AuthorToorn, K. van der
PositionReview

By WILLIAM W. HALLO. Leiden: E. J. BRILL, 1996. Pp. xvii + 362. $75.

Among his colleagues, William W. Hallo, professor of Assyriology and Babylonian Literature at Yale University, is known as a prolific writer on a wide variety of matters pertaining to ancient Mesopotamia and its surrounding civilizations. The present volume is further proof of his erudition and desire to write. It is, as the title intimates, a book of a vast and ambitious scope. Inspired by Daniel Boorstin's The Discoverers: A History of Man's Search to Know His World and Himself (New York: Random House, 1983), Hallo decided in the early eighties to write a book showing "how ancient Near Eastern innovations or their consequences have survived into our own day and age" (p. xiv). His focus was to be on the debt of the modern Western world to the ancient Near East. His undertaking might be compared with S. N. Kramer's History Begins at Sumer (New York: Doubleday Anchor, 1959), though Hallo puts greater stress on the continuity between us and the ancient Near East - or so he promises.

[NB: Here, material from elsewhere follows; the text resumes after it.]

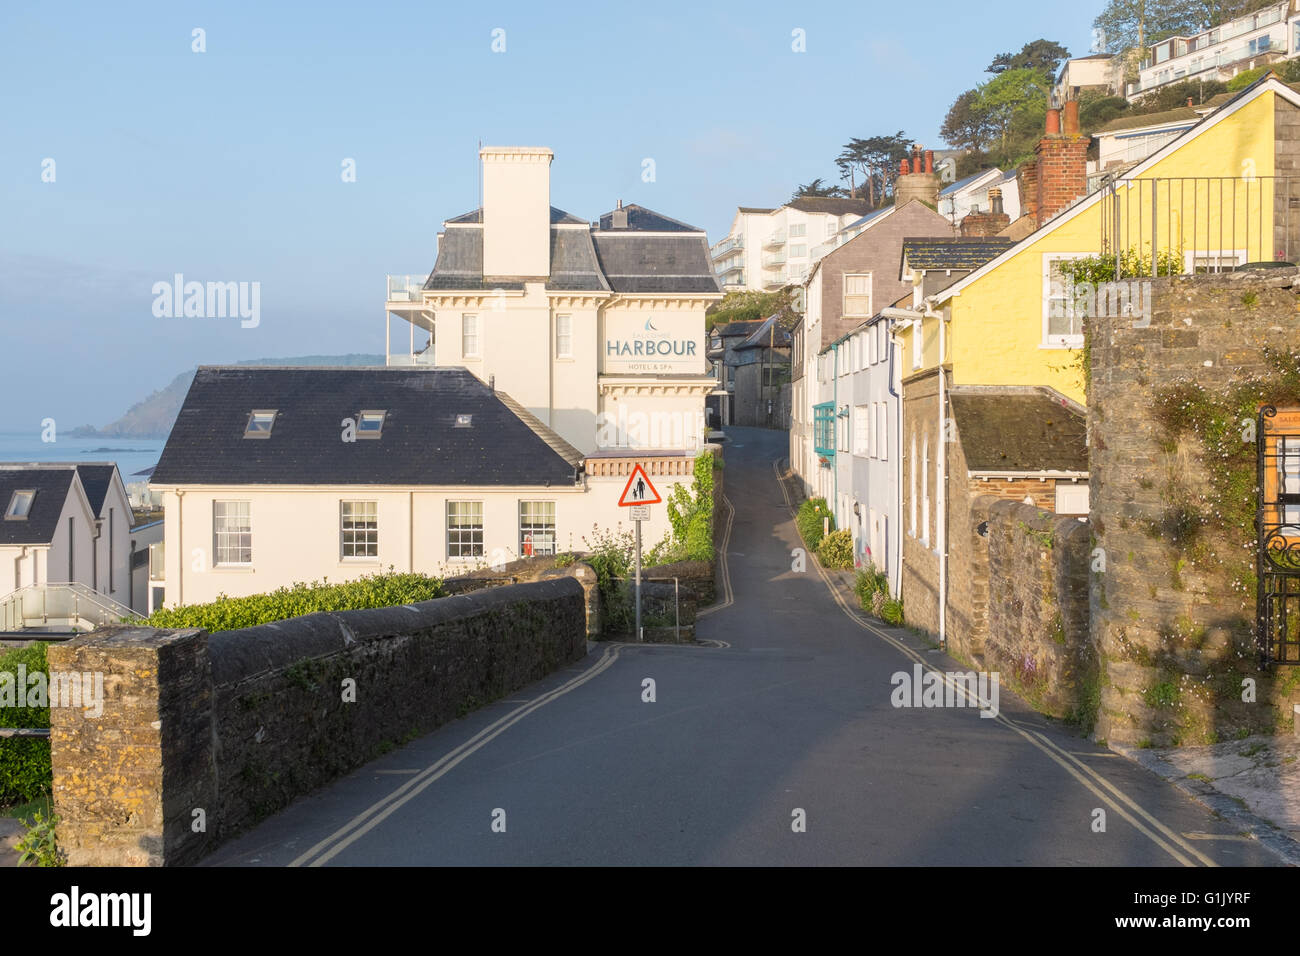 View Of Salcombe Harbour Hotel And Cottages In Fore Street

The book has ten chapters, nine of them grouped into three sections, the tenth being a conclusion. The first eight chapters are devoted to the "essentials of civilization" (city, capital formation, writing), the secondary aspects of civilization (agriculture and animal husbandry estimated as secondary to urbanism and the invention of writing), the refinements of civilization, the calendar, literature, kingship, religion, and women. Chapter nine, which is longer than its predecessors, seems rather out of place, even as an appendix. Under the title "The First Half of History," i.e., the period of 3000-500 B.C.E., the author gives a survey of the history of Mesopotamia, Egypt, and Israel. Why Hallo decided to include this necessarily cursory treatment of ancient history is a mystery to me. All the information he offers can be found in four of his earlier publications (see n. 1 on p. 271) and merely reproduces earlier material, shorn of its footnotes. Such an abbreviated re-edition would be justified as part of a popular book, but Brill would not likely be its publisher.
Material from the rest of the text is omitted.